Thanks, sweet writer friend:) I'm copying you. I just submitted this one to midlifecollage. We'll see what happens!

Debbie said...

Lovely post!

writingdianet said...

Gingerrrrrrr! West Virginia Writer friend! Thank you so much for stopping by. And you fed my ravenous self-esteem. I love you:)

writingdianet said...

And Debbie! Eeek! I must go visit your wildly popular blog, friend! Hope all is well with you.

I am soooo feeling the love this a.m.. Oops! It's afternoon now. Oh well!

I have to say, blog comments are (almost) as satisfying as large quantities of coffee:)

Tony said...

Doc was sure one cool cat!!!

writingdianet said...

My dad (aka Pops, Doc) truly was a very cool cat. Yours was awesome too, Tony. But you know that:)

B. WHITTINGTON said...

WHAT GREAT memories you have of your dad. I envy you. My dad died when I was two and I only have semi memories of times my sisters have told me about.
Blessings to you and yours.
Lovely lovely piece.
Barb

writingdianet said...

Oh, gosh, Barb. I'm sorry.
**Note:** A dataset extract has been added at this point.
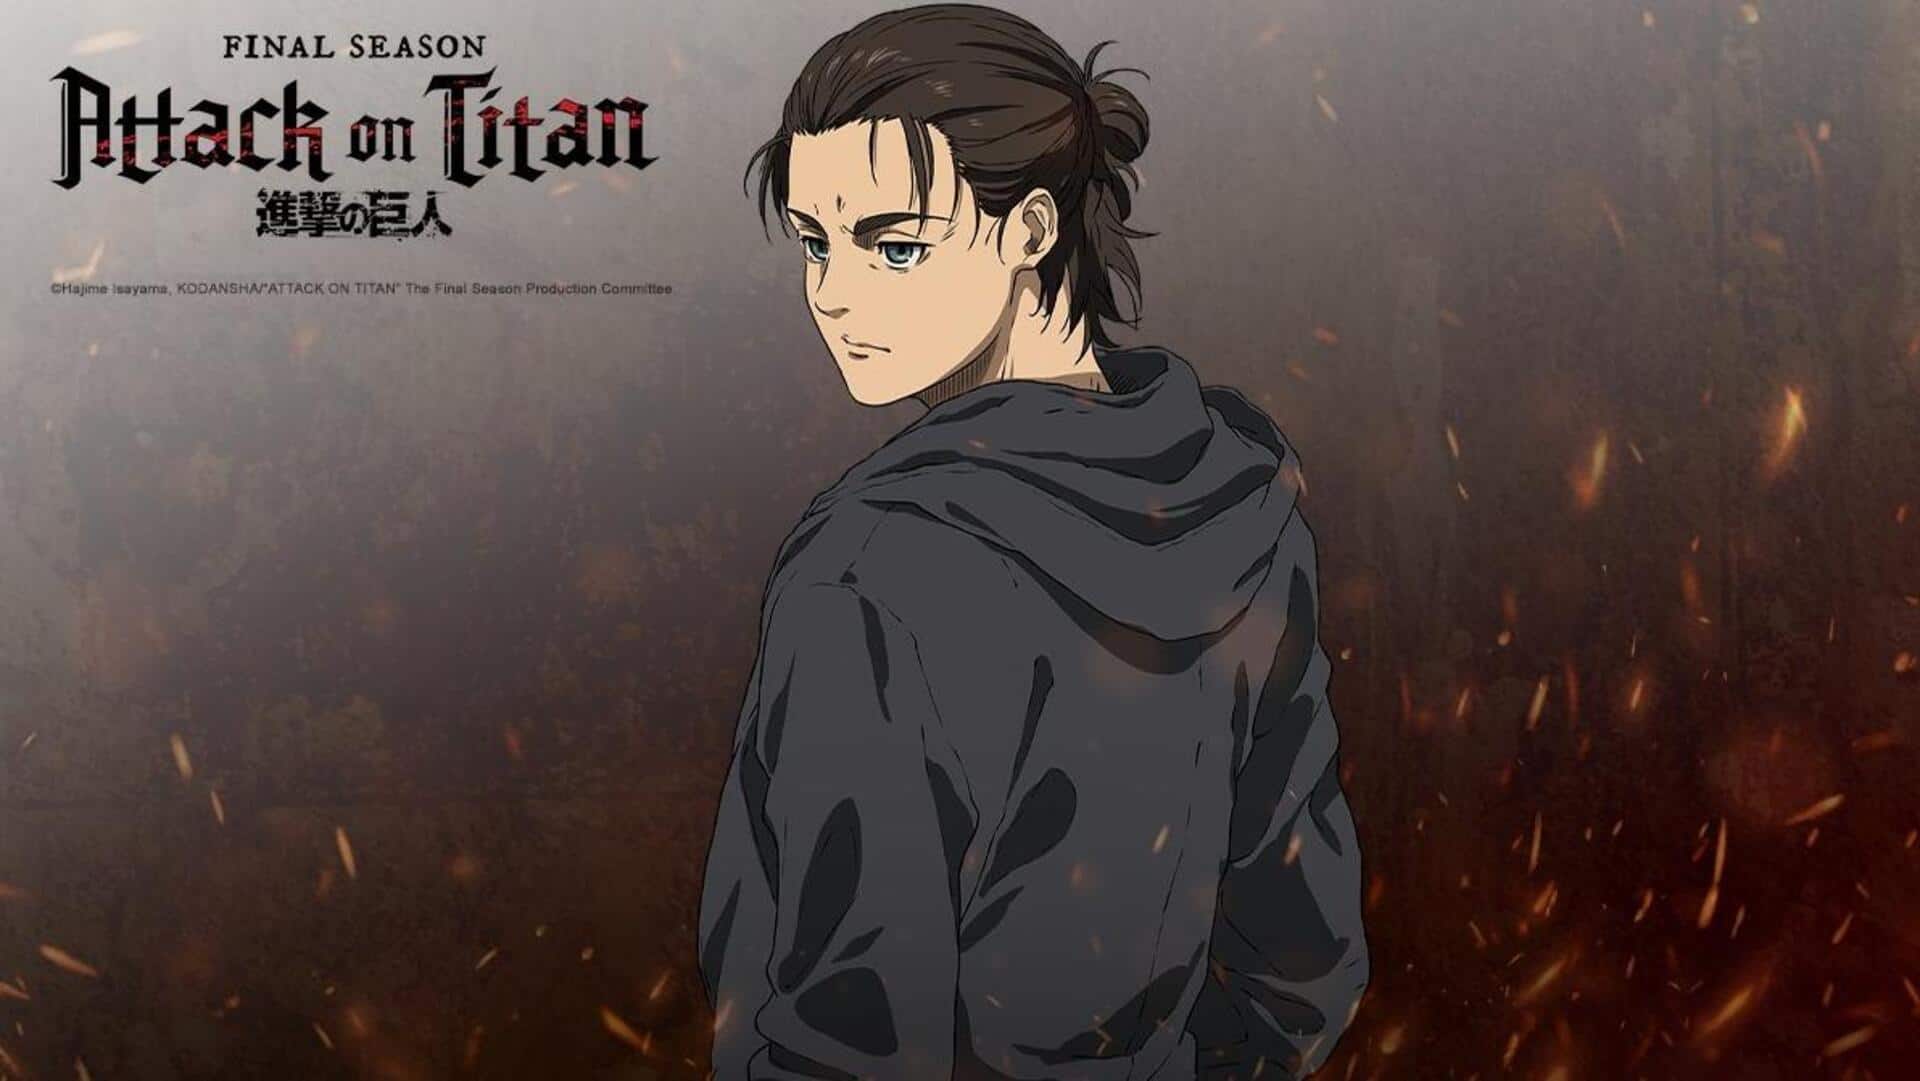 'Attack on Titan': Everything you need to know

That's so sad:(

I had a gal come up to me on Saturday before Zumba class and apologize. "I couldn't read your blog this week," she said. "See my dad . . ." Her tale did not go well.
I did have the thought when I posted this, that it might prick those who had a less than ideal dad, an absent father, or who had lost theirs early on. It must be really tough, especially on Father's Day.
Glad you liked the post though. It means a lot, friend.

Paige Meek Cobb said...

Once again you bring back memories. Summers at hotel pools, walking from Green Oak to Gallaher and of course...Sonny and Cher!